A group of girls with band instruments gathered around a single iPhone, posting something on Facebook. “I bet it’s just a rumor,” said one of them.
“I saw Thomas jump down his throat the other day,” said another one.
“I saw them take him away myself!” said a shrill-voiced girl with jet-black hair and pins all over her shirt, a goth named Marla. “You calling me a liar?” She was wearing her black street clothes instead of the Marlowe uniform. Casual clothes were allowed only on certain Fridays. . . . Not today.
Thomas squinted at Marla. She seemed energized by this firsthand news she was able to bestow upon her eager friends. He headed toward his locker, groggy eyes fixed toward the end of the hallway so he wouldn’t stumble. This has got to stop, he told himself, though he wasn’t sure what exactly he had done. He had only gone home and slept. He spotted a poster for the lacrosse game. MARLOWE VERSUS BARD TONIGHT! But the game was supposed to be on . . . Friday night. What’s wrong with me? he thought. How many days had passed?

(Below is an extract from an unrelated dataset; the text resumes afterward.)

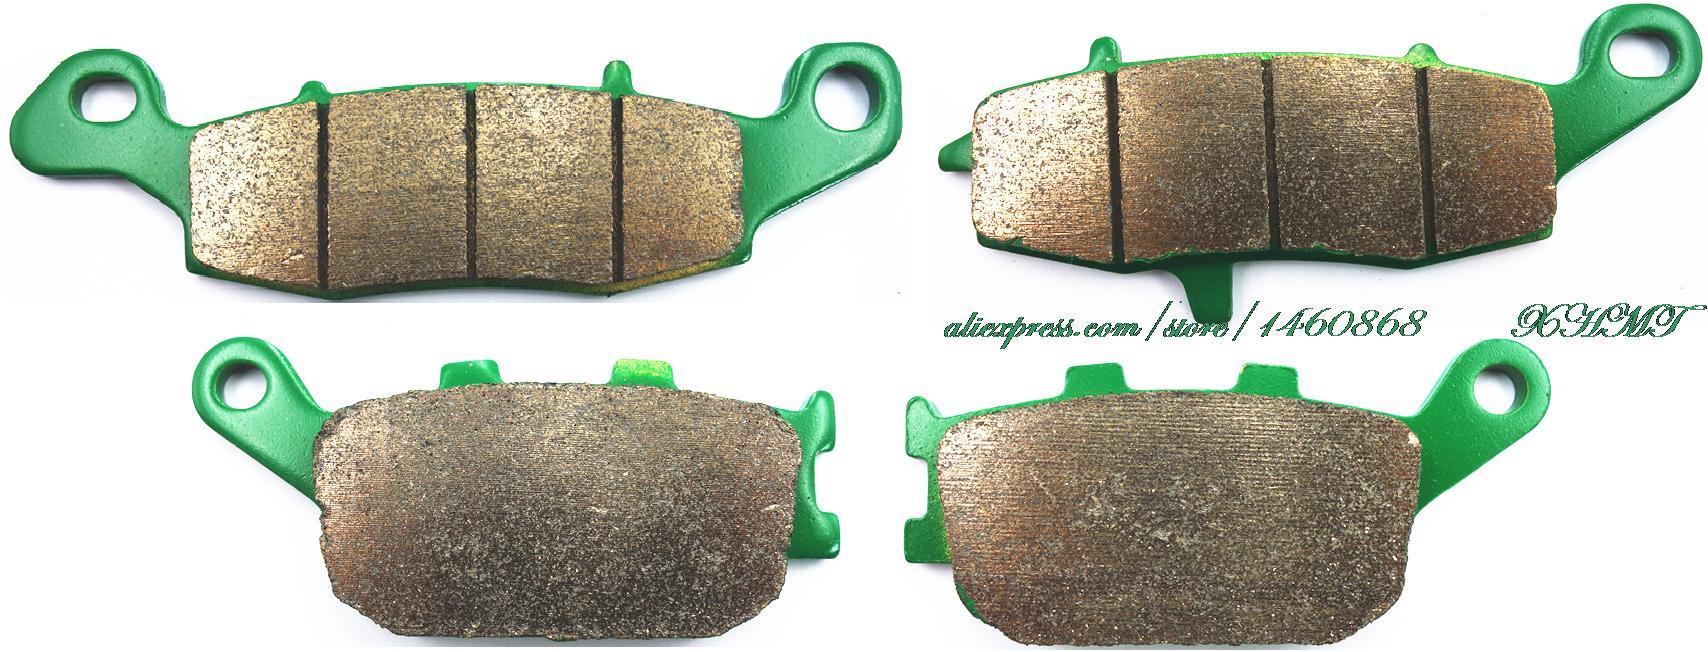 Brake Pad Set for SUZUKI XF 650 FREEWIND 1997 1998 1999 2000 2001 2002

Somebody whispered something about the missing school nurse, about all the strange things that had happened lately.
He spotted Annie standing by herself. “What’s going on?” he asked, and for once she didn’t look him up and down as if he were her patient.
“It’s Roger.” Her voice broke as she said his name. “Everyone’s talking about him, and they didn’t even know he existed before today!”